(Dataset excerpt Opens)

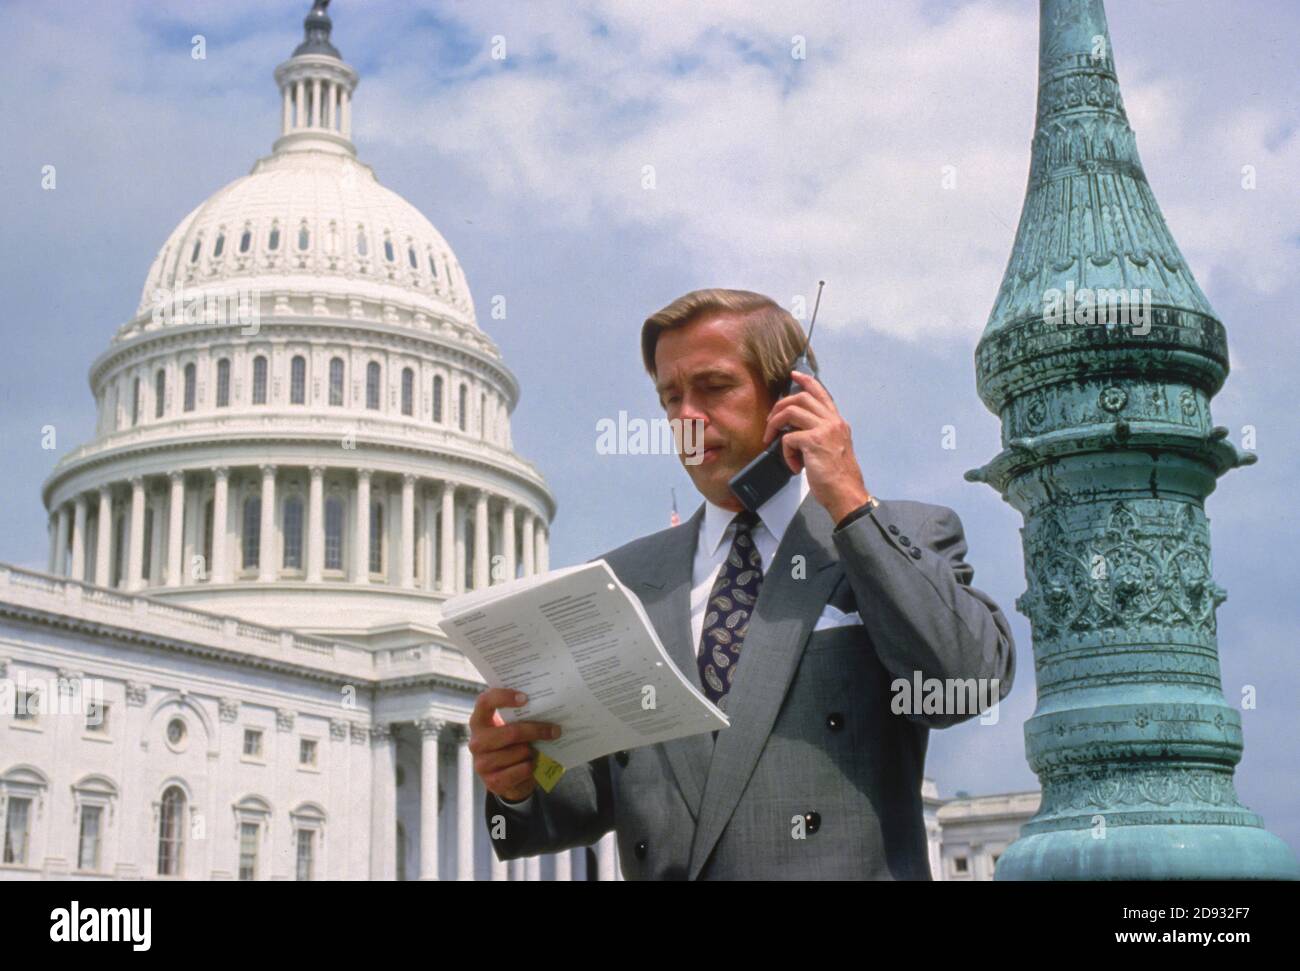 WASHINGTON, DC, USA - Healthcare lobbyist on cell phone in front of U.S. Capitol building. Stock Photo
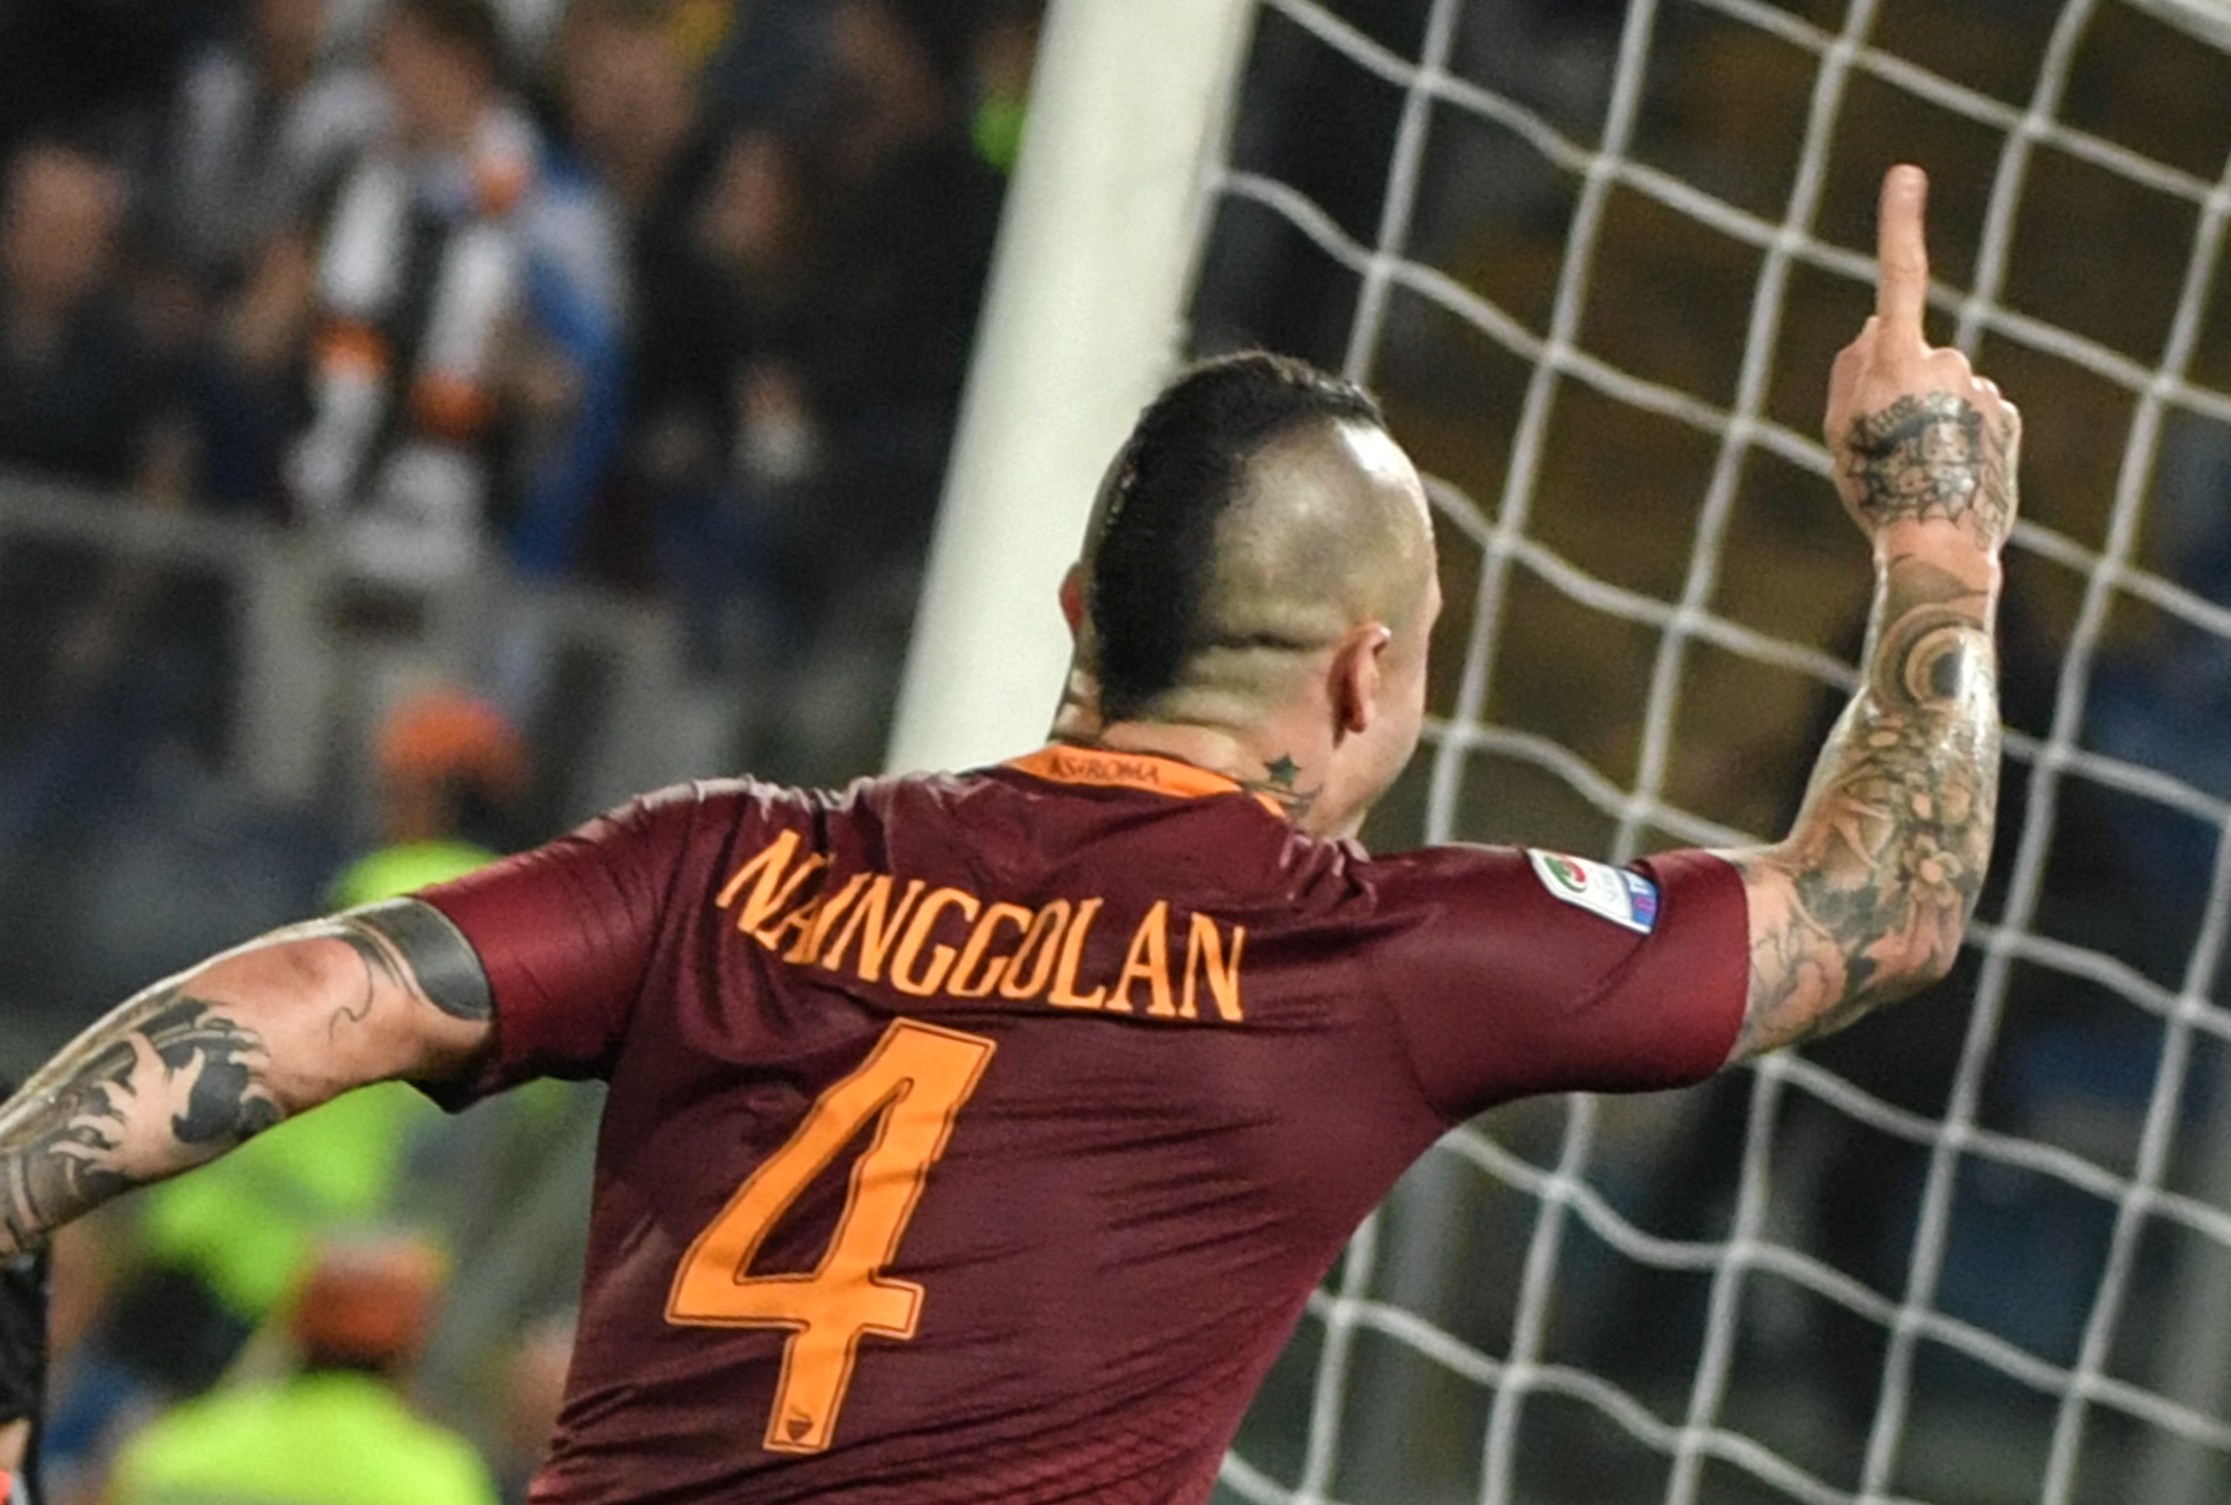 AS Roma's midfielder from Belgium Radja Nainggolan (R) celebrates after scoring against Juventus' goalkeeper from Italy Gianluigi Buffon during the Italian Serie A football match Roma vs Juventus, on May 14, 2017 at Rome's Olympic stadium. / AFP PHOTO / Andreas SOLARO        (Photo credit should read ANDREAS SOLARO/AFP/Getty Images)
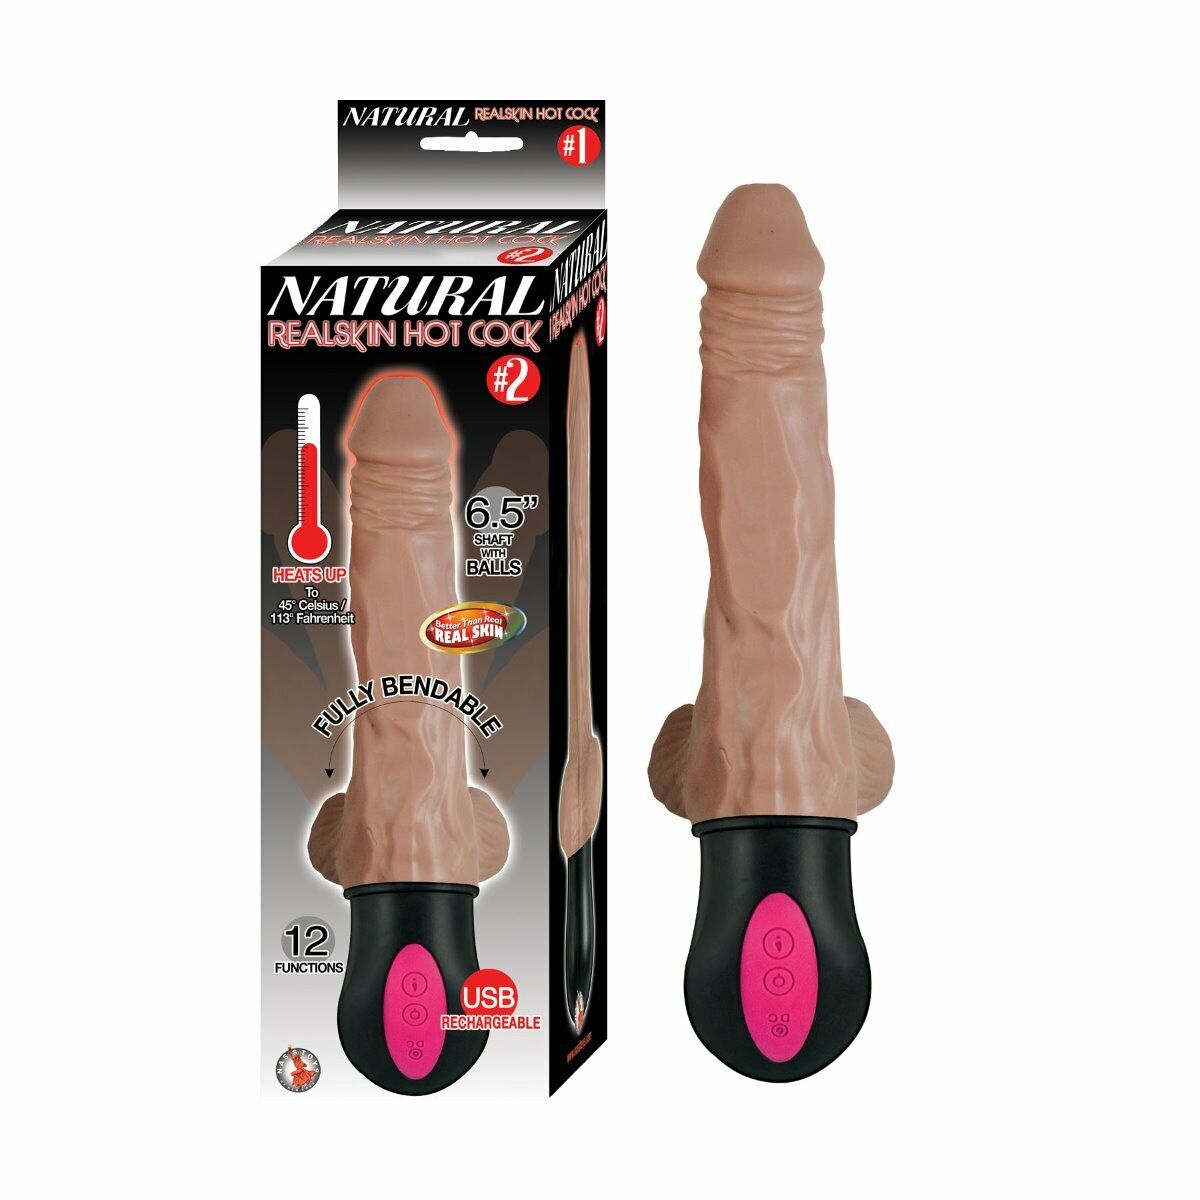 Rechargeable Vibrating Warming Realistic Black Cock Vibe G-spot Anal Dildo Dong

(Dataset excerpt Closes)

**Task objective:** An exact reproduction of the material is needed, without its images.

**Task response:**
 WASHINGTON, DC, USA - Healthcare lobbyist on cell phone in front of U.S. Capitol building. Stock Photo
 AS Roma's midfielder from Belgium Radja Nainggolan (R) celebrates after scoring against Juventus' goalkeeper from Italy Gianluigi Buffon during the Italian Serie A football match Roma vs Juventus, on May 14, 2017 at Rome's Olympic stadium. / AFP PHOTO / Andreas SOLARO        (Photo credit should read ANDREAS SOLARO/AFP/Getty Images)
 Rechargeable Vibrating Warming Realistic Black Cock Vibe G-spot Anal Dildo Dong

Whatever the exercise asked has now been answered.